Stored items from a collection:
•••

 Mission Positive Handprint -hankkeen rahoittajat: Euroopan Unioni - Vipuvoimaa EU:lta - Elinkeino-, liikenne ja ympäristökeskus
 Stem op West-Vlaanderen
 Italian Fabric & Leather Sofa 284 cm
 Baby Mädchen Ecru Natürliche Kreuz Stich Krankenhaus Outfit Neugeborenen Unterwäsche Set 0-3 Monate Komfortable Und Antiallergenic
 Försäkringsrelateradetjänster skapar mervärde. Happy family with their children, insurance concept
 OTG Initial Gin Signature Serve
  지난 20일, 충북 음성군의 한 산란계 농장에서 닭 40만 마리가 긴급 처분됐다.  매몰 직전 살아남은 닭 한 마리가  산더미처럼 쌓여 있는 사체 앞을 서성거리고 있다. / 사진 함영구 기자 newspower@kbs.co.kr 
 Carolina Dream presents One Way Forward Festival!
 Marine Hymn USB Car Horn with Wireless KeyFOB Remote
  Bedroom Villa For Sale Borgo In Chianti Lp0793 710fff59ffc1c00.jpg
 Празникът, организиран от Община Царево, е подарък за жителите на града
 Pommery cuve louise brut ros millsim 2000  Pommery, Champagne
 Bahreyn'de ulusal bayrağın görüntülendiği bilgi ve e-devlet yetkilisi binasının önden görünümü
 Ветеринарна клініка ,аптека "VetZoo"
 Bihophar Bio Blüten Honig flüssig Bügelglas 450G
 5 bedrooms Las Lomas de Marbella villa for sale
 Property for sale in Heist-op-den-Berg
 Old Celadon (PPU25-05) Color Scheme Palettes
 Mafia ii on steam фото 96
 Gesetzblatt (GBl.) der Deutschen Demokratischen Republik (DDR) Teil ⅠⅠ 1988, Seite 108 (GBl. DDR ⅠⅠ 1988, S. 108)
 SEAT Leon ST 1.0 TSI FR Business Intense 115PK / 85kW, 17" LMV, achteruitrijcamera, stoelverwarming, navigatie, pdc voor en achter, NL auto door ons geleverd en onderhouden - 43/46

•••

• Problem
Write out every line of the data that holds the word "with".

• Exercise answer
 Försäkringsrelateradetjänster skapar mervärde. Happy family with their children, insurance concept
 Marine Hymn USB Car Horn with Wireless KeyFOB Remote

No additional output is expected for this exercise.